Screenshot Pasting Utility for the Terminal
When taking screenshots, most operating systems have two modes:
- Take a screenshot and auto-save it under a timestamped name to a predetermined folder, like
Desktop/Screenshot 2024-01-30 at 9.02.51 PM.png. - Take a screenshot and copy it to the clipboard, so you can open up a simple image editor and then save it to a place you like.
Both of these are inconvenient. If I want to take a quick screenshot for a project, I probably want it saved to a specific folder under a specific name. I don't want to have to find it and move it, or wait ten seconds for an image editing program to open.

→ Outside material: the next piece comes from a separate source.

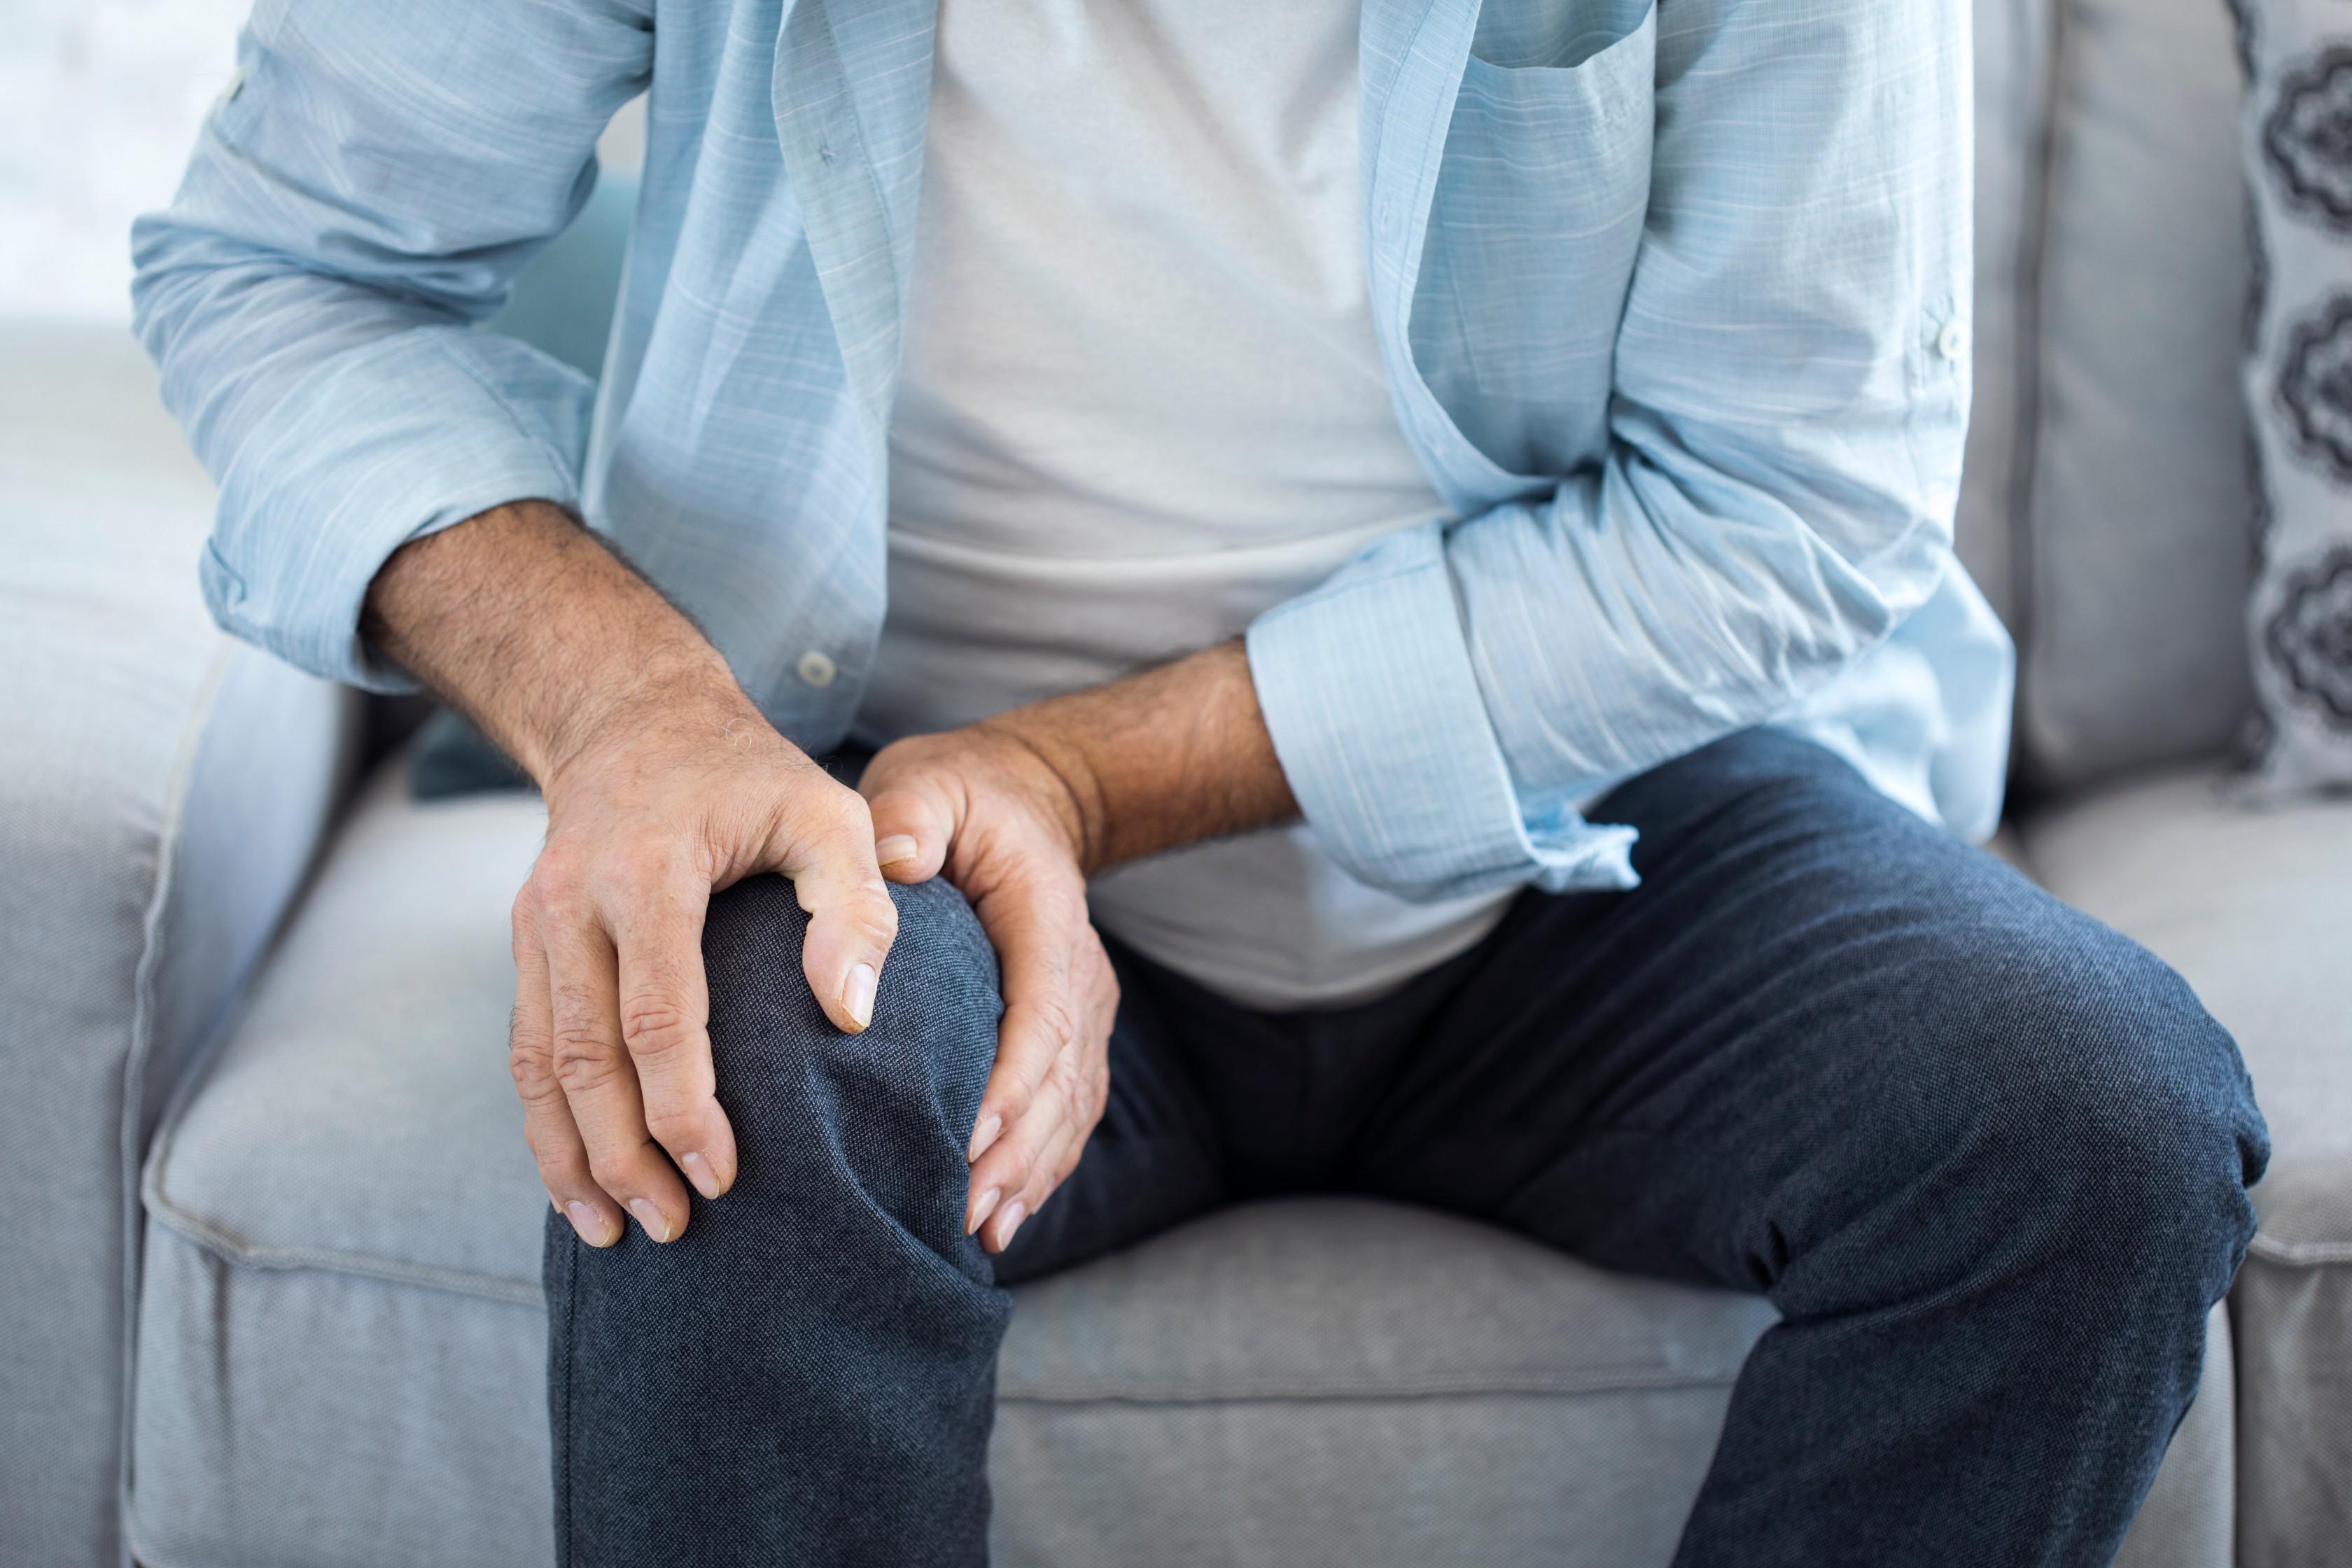 Hogyan használhat zselatint az ízületek kezelésére, hogyan működik, ellenjavallatok - Köszvény July

The solution is screenpaste. Screenpaste is a command-line utility that will take the content from your image clipboard, and then save it to a name you specified, like this:
screenpaste foo
Will take the image in your clipboard, and then save it in your current directory as foo.png. Amazing!
(Instead of the current directory, you can also specify a path, like screenpaste ~/Desktop/quux.)
- Don't make a virtualenv or pipenv for this. You want a global installation.
pip install -r requirements.txt- Edit your terminal profile (in my case,
~/.bashrc) to include a function to run this script:
scrp() {
python3 ~/.screenpaste/script.py "$1";
}
- Reload your bash profile (e.g.
source ~/.bashrc).
I've only tested this on OS X so far. I'll update the script as necessary for other operating systems.
Make it take images off the cross-platform pasteboard as well. If I click "copy" on a photo on my iPhone and then use screenpaste, OS X will show me a copying dialog, but then won't successfully paste the image. I probably need to integrate with some OS X utility to grab the temporary file.